„Ach, wär’ ich doch daheim, ach, wär’ ich doch daheim,“ jammerte Suse da.
Hans war kreidebleich. Der Schrecken über Suses Flucht und der Spektakel am Schilderhaus hatten ihm auch etwas die Fassung geraubt. Und nun sagte er sich, daß sie sich verlaufen hätten und wohl zu spät zur Schule kämen.
Wie die beiden noch so rat- und hilflos dastanden, nahte mit einem Male ein Retter.
Ein Knabe kam des Wegs, der die beiden Dorfkinder schon aus der Ferne musterte.
Unter seinem Arm schleppte er ein Paket Bücher, die Nase mit den Sommersprossen trug er keck in der Luft, die Mütze hatte er tief in die Stirn gezogen, und seine blitzenden blauen Augen richteten sich dreist jedem Vorübergehenden in das Gesicht.
„Servus,“ rief er plötzlich, daß es über die Straße schallte, „da schlag doch einer lang hin! Seh’ ich recht?“
Hans und Suse horchten auf, folgten der Richtung des Rufes, erkannten den Rufer und jubelten laut: „Theobald, Theobald!“
Ja, er war’s! Theobald, einer ihrer zahlreichen Vettern. Die Krone ihrer Vettern sozusagen.

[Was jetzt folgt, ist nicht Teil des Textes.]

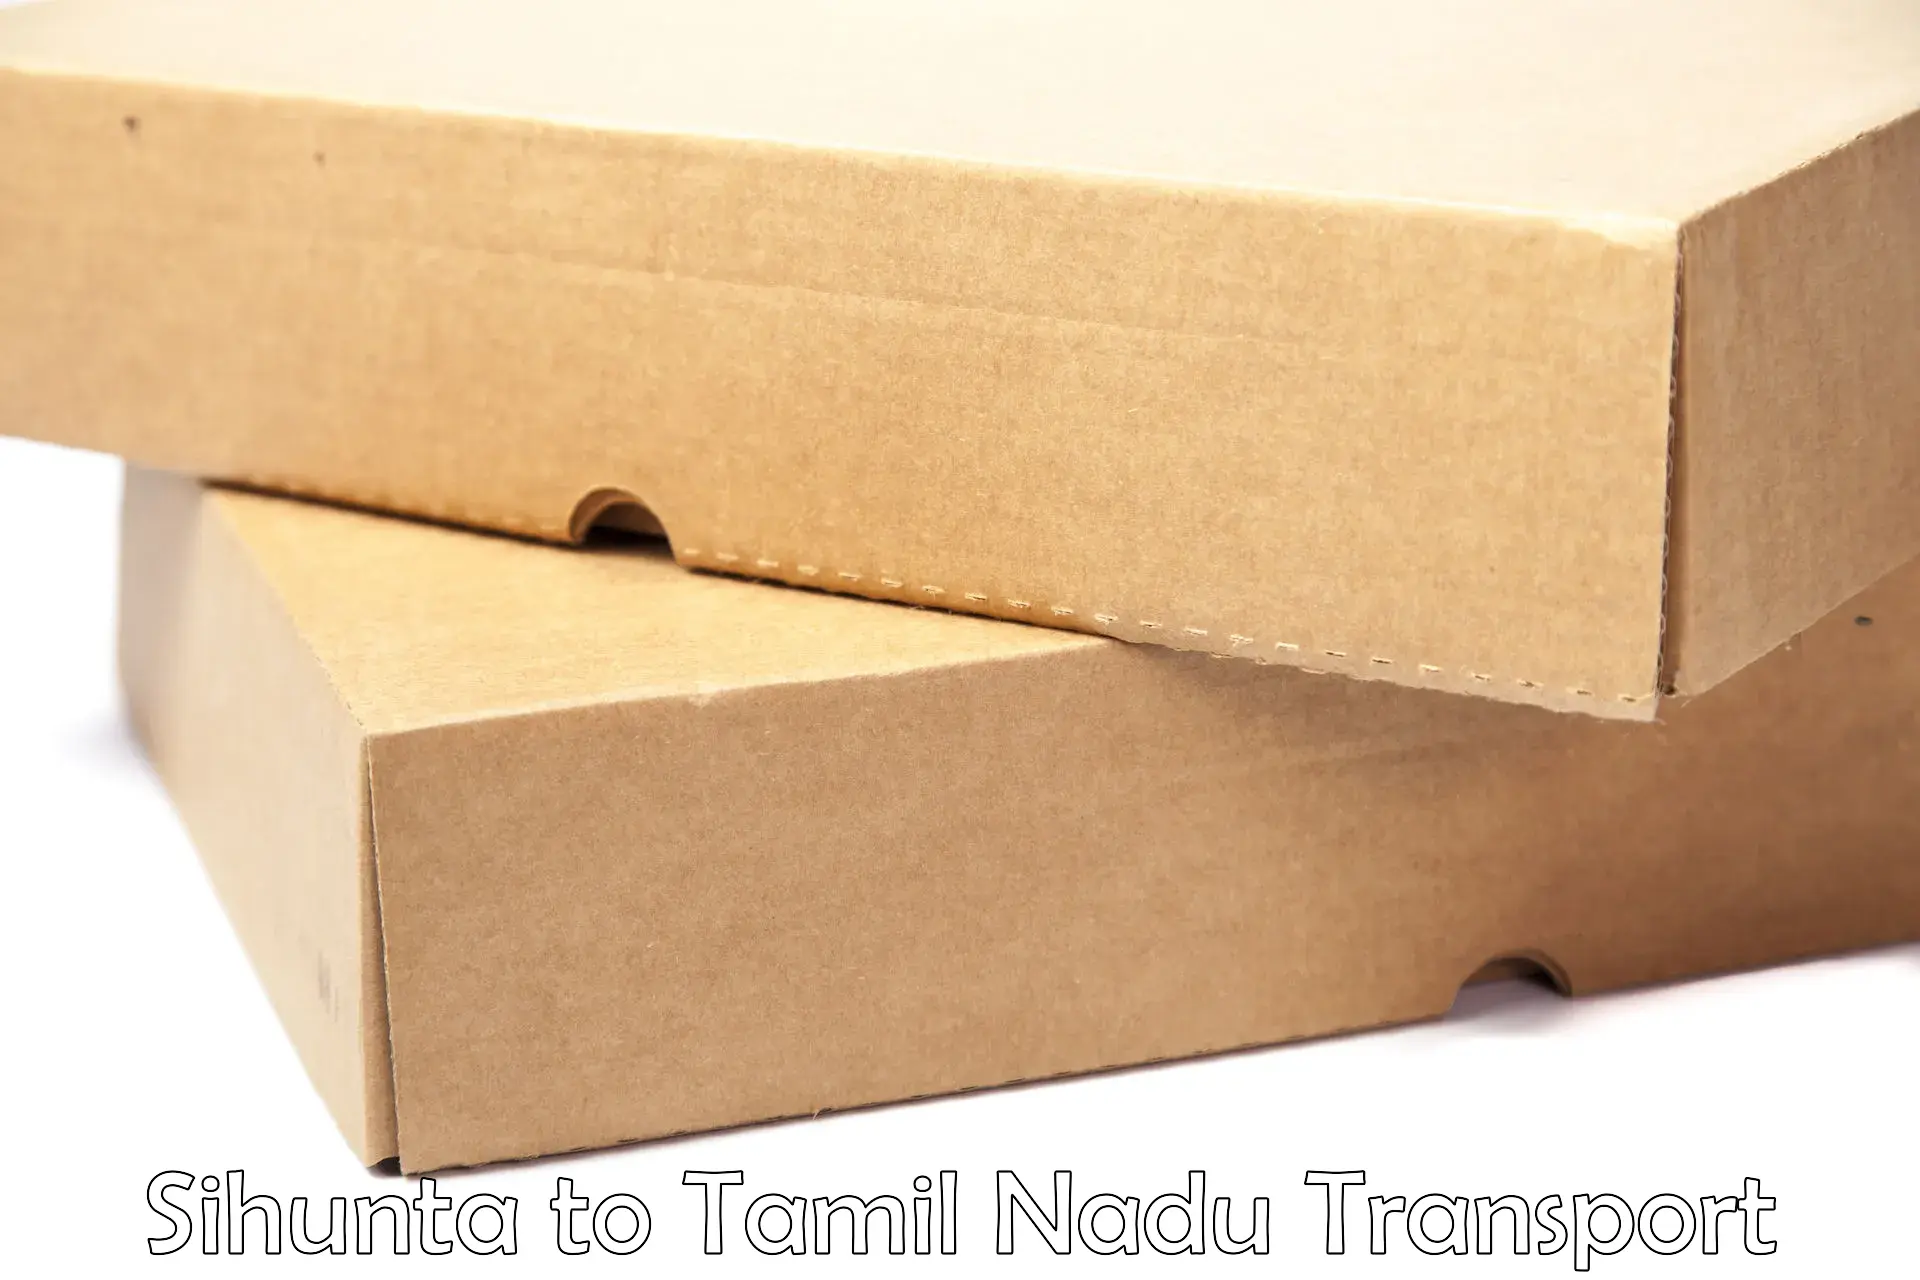 Delivery service Sihunta to Chennai

Dieser Knabe hatte sie nämlich schon einige Male mit seinen Besuchen in ihrem einsamen Gebirgsdorfe beehrt und auch seine letzten Ferien dort verbracht. Damals war zwar viel öfters als sonst in der Hand ihres Vaters, des Doktors, eine geschmeidige Haselgerte zu sehen gewesen, die dann auf Theobalds Rücken lustige Tänze ausgeführt hatte.
Aber schöne Zeiten waren’s doch gewesen.